The LTA Category Review

In March 2026, LTA announced a formal review of the COE category structure—the first comprehensive reassessment since the categories were last adjusted. While the review's scope and timeline remain vague, the announcement itself signals that the government recognises the current framework is under strain.

Any structural change would have significant market implications. If a new EV category is created, Cat A premiums could drop substantially as a large chunk of demand is redirected. Conversely, the new EV category might see very high premiums if quotas are set conservatively. Buyers considering a purchase in the next 12–18 months should monitor this review closely via the LTA website and industry publications like Motorist.sg.

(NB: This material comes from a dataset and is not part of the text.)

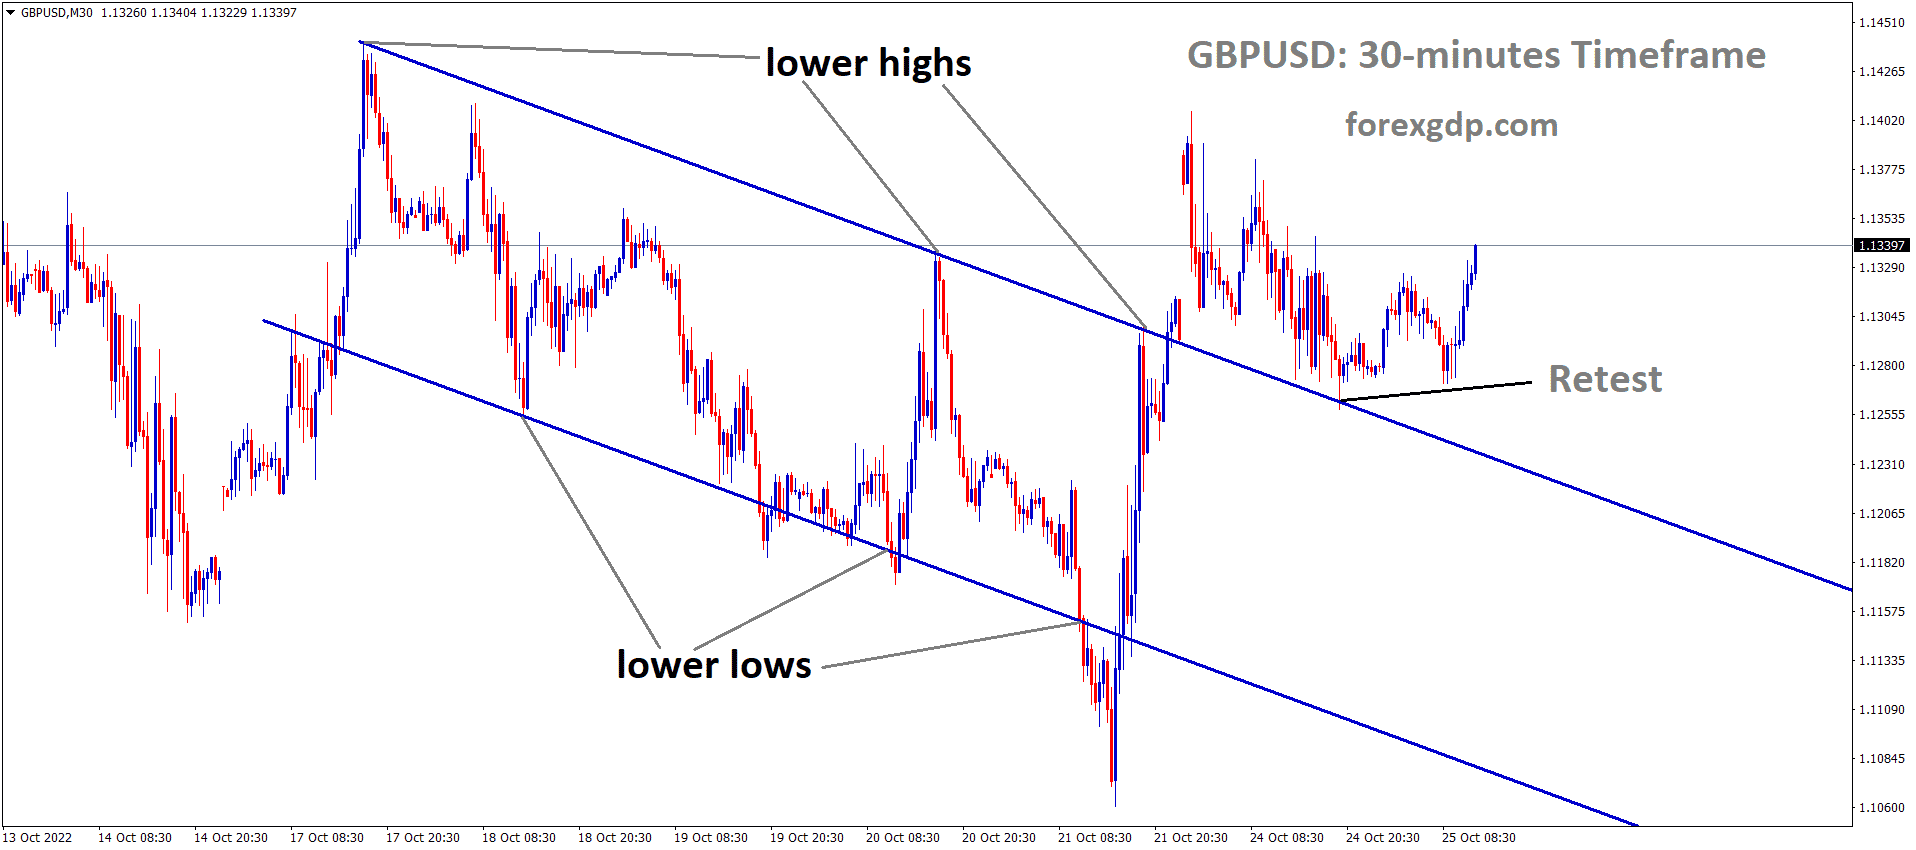 GBPUSD has broken the Descending channel and the market has retested and rebounded from the broken area of the channel

Looking Ahead: The New Normal

The EV transformation of Cat A is not reversible. Battery costs continue to fall, Chinese manufacturers continue to scale, and consumer acceptance of electric vehicles continues to grow. The 45.6% share in Cat A will likely become 50%, then 60%, then the clear majority within the next few years.

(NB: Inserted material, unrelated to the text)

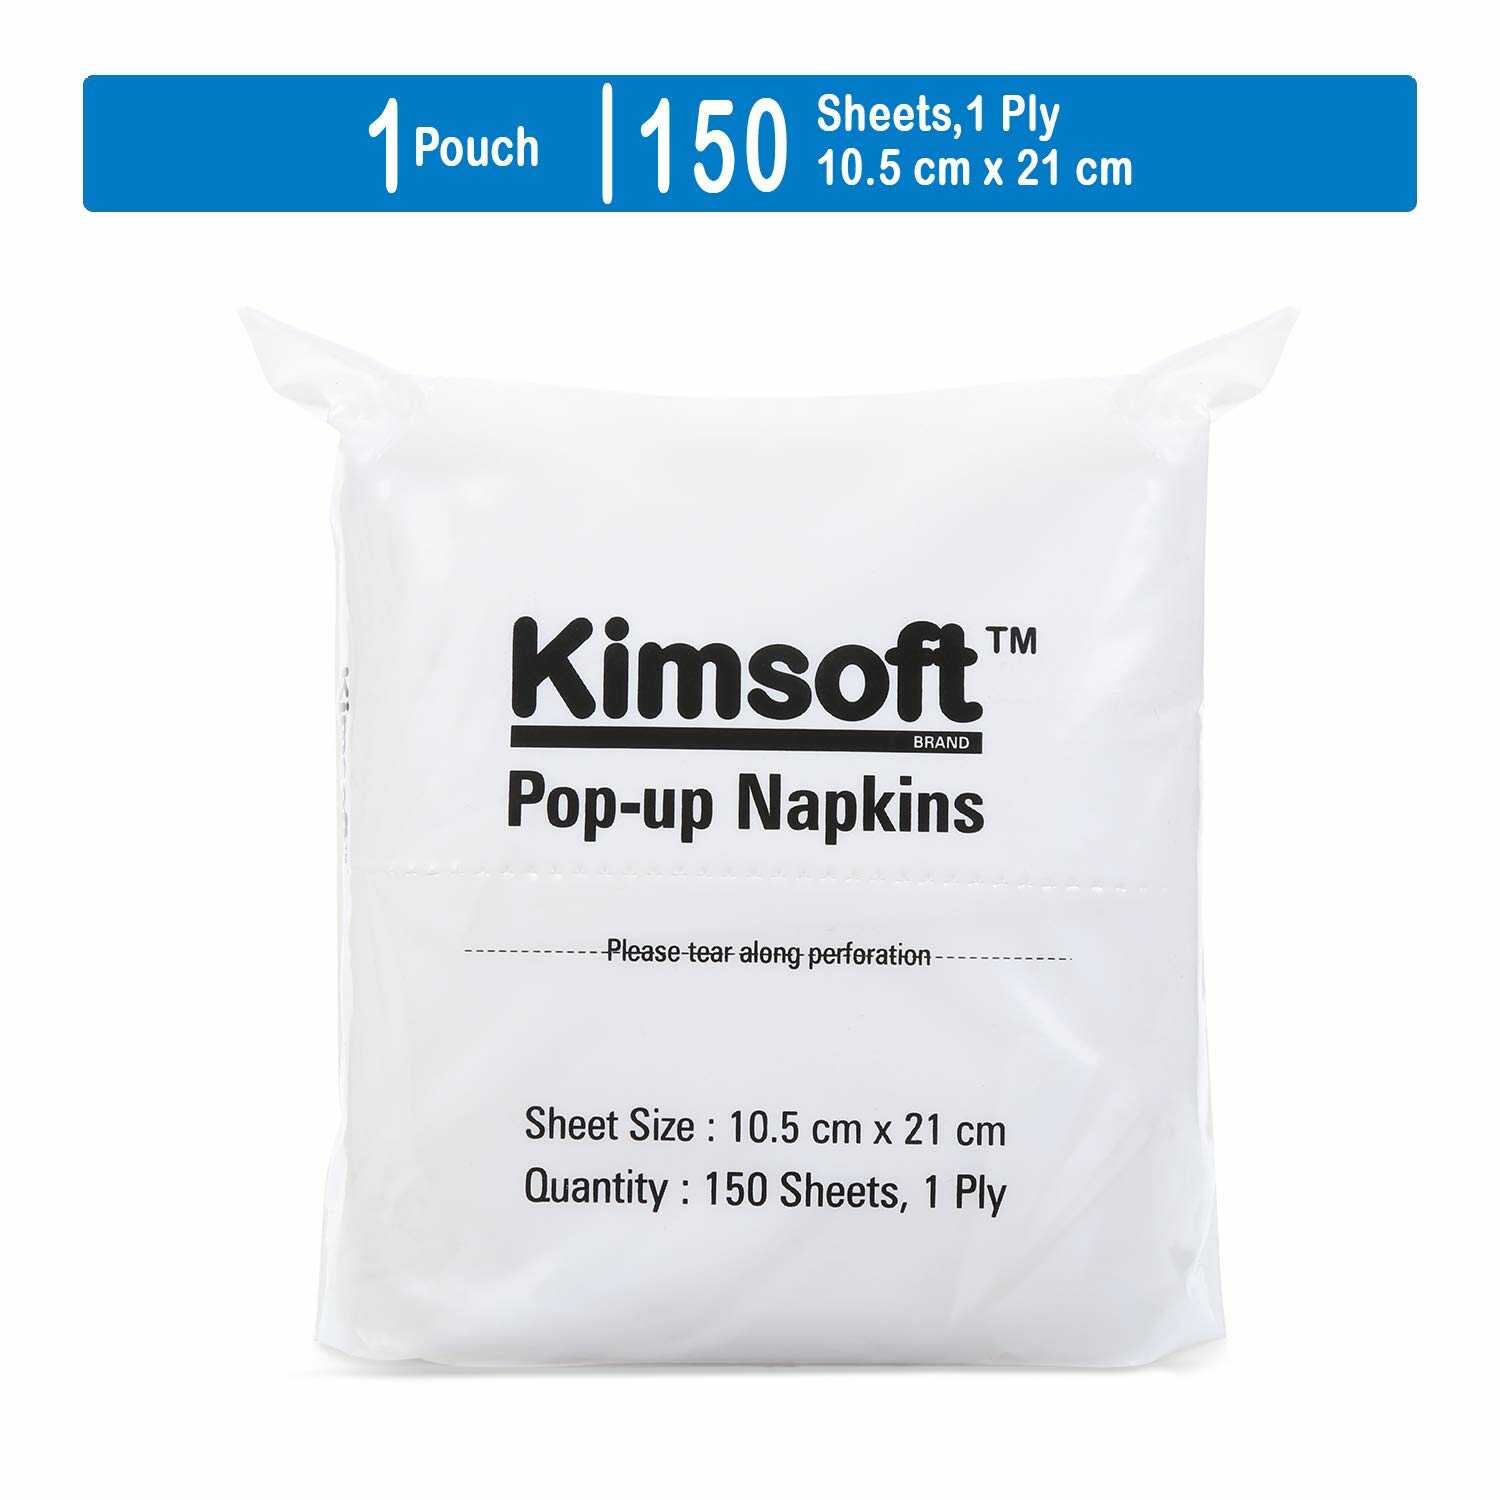 Kimberly Clark* Scott* Essential Pop-up Napkin, 1234 (Pack of 150 Pkt/Case, 150 Sheets/Pkt, Total 22500 Sheets)

For prospective car buyers, the practical implications are:

  • Budget higher for Cat A COE: premiums above $100,000 are the new baseline, not an anomaly. Plan your finances accordingly
  • Seriously evaluate EVs: if you have convenient charging access, the total cost of ownership for a Cat A EV is often lower than an equivalent ICE vehicle despite higher purchase prices. Run the numbers with our Total Cost Calculator
  • Monitor policy changes: the LTA category review could reshape the market. Set up COE price alerts and bookmark our trends page to stay informed
  • Consider the Cat B option: with the Cat A/B gap at just $3,678, Cat B may offer better value than at any point in history. A slightly larger or more powerful vehicle for a minimal COE premium difference is worth evaluating
  • Think about timing: our price prediction tool can help you gauge whether the market is trending up or down. The EV-driven structural floor on Cat A premiums means dramatic drops are unlikely, but month-to-month fluctuations still offer windows of opportunity

The age of electric vehicles in Singapore's COE system has arrived. Whether you embrace it by buying an EV, navigate around it by shifting to Cat B, or simply budget for higher Cat A premiums, the key is to make the decision with clear-eyed data—not assumptions from an era that has already passed.